Cómo vive hoy el autor del triple crimen de la calle Catamarca, a 10 años de recibir perpetua

Facundo Peralta fue condenado el 12 de julio de 2012 por el aberrante asesinato de su padre, la pareja de éste y el hijo de ella, ocurridos una noche de septiembre de 2010 en Catamarca al 2500. Sigue preso en el penal de Batán, jugó al rugby en el equipo de la cárcel y recién podría salir en libertad en noviembre de 2045.

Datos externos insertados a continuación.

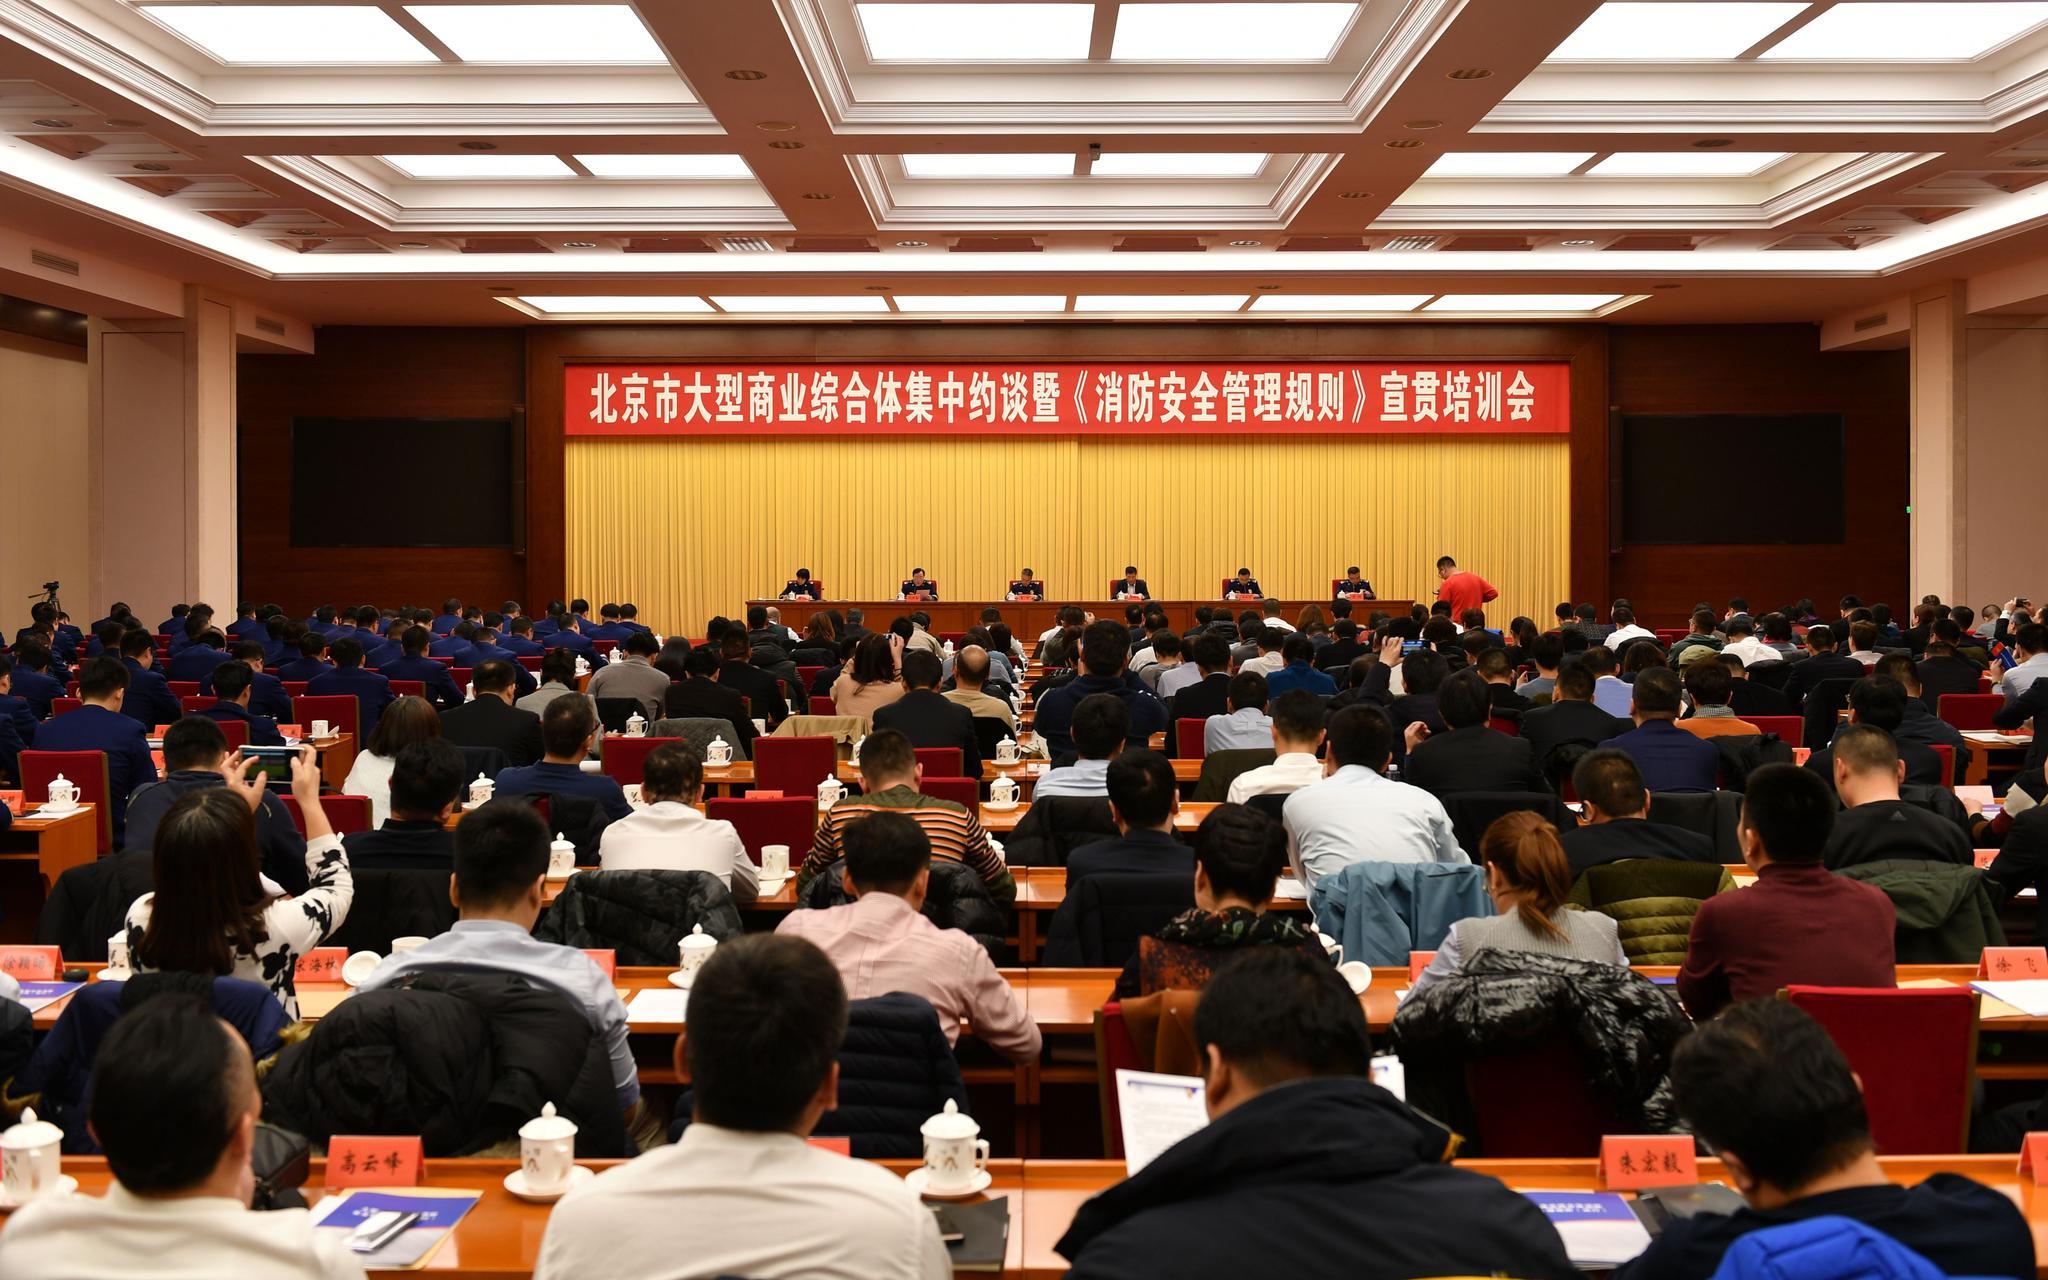 http://www.taizz.cn/zhejiang/145023.html

Facundo Peralta en el penal de Batán.

Facundo Peralta tenía 19 años cuando el 23 de noviembre de 2010 asesinó a tiros a su padre, a la pareja de éste y al hijo de ella, en lo que se conoció como el “triple crimen de la calle Catamarca”. Hoy, tras una década desde que el Tribunal Oral Nº 3 lo condenó a prisión perpetua, ya pasó los 30 y permanece alojado en la cárcel de Batán, aunque con intenciones de salir más temprano que tarde.

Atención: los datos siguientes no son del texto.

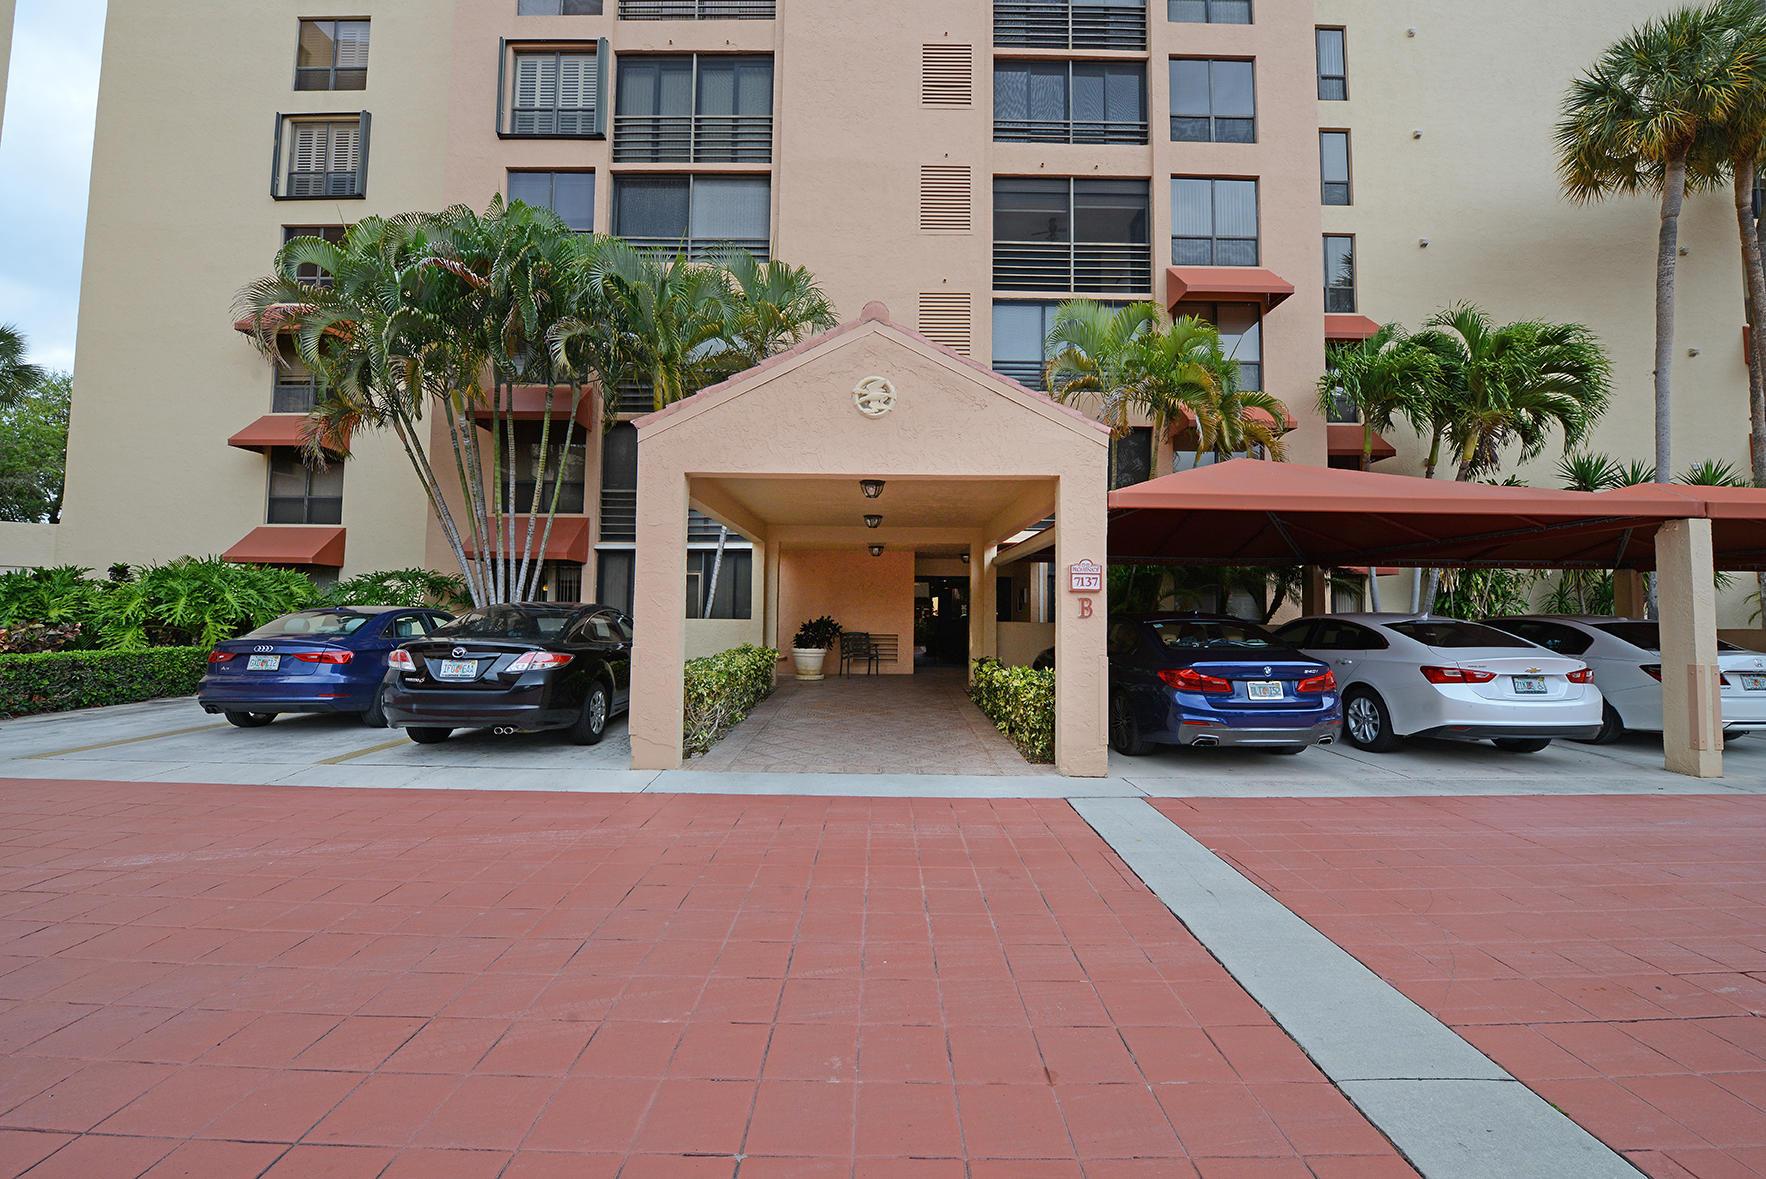 Photo of 7137 Promenade Drive #202, Boca Raton, FL 33433

Claro, cualquier convicto las tiene. Pero en el caso de Peralta, todo indica que deberá esperar y mucho para ver consumados sus anhelos. Inclusive, en busca de conocer cómo es su vida hoy, LA CAPITAL supo que en 2021 solicitó la prisión domiciliaria, que rápidamente le fue denegada por Juzgado de Ejecución Penal Nº 1, a cargo de Ricardo Perdichizzi.

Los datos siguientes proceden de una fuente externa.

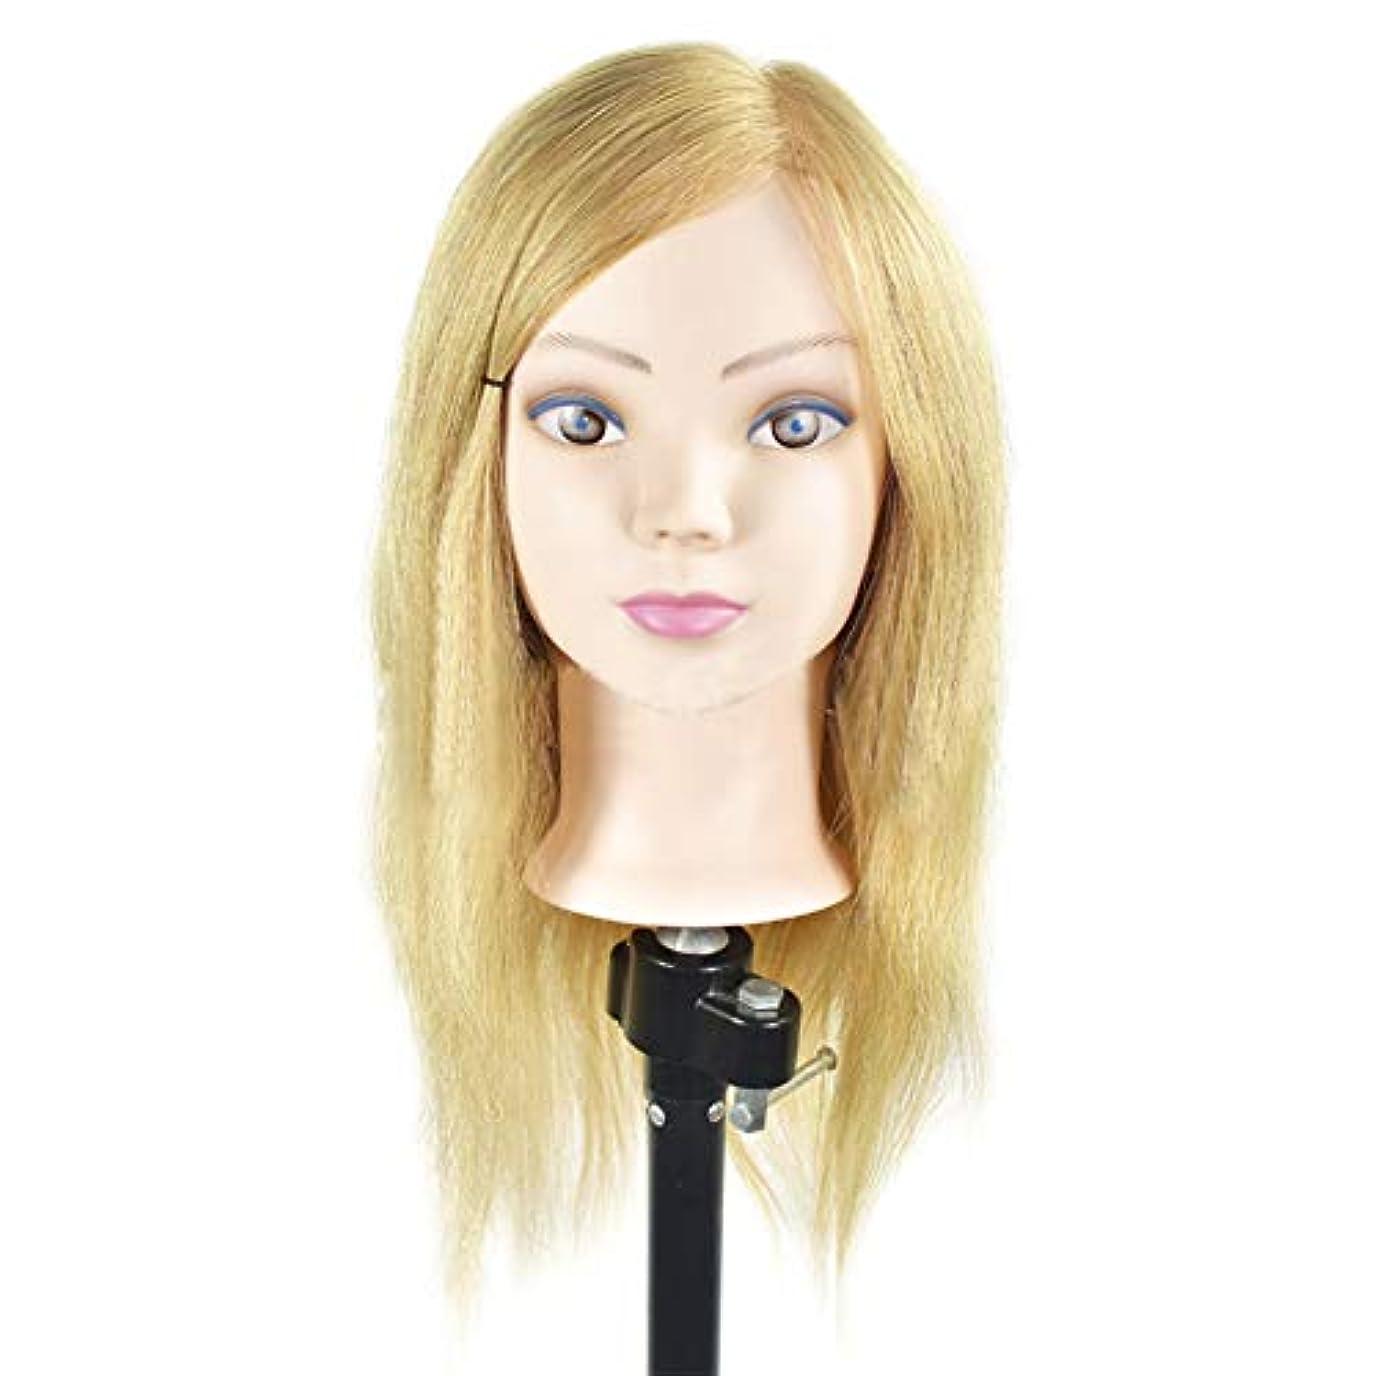 コードレスカウントアップバーマド本物の髪髪編組髪ヘアホット染料ヘッド型サロンモデリングウィッグエクササイズヘッド散髪学習ダミーヘッド

Tanto la investigación del caso como su resolución tuvieron extensa cobertura en LA CAPITAL.

Tanto la investigación del caso como su resolución tuvieron extensa cobertura en LA CAPITAL.

De acuerdo a los datos que pudo obtener este medio, los informes sobre la conducta de Peralta intramuros no fueron negativos. Al menos, hace algún tiempo hasta se destacaba que el autor del triple crimen practicaba rugby y formaba parte del equipo del penal y eso le servía para pasar el tiempo y despejar los malos pensamientos.

Sin embargo, por el tipo de condena que recibió, Peralta recién accedería a la recuperación de su libertad en noviembre de 2045. Para entonces, habrá estado preso 35 años y tendrá cerca de 55. Es decir, toda su juventud la habrá pasado detenido.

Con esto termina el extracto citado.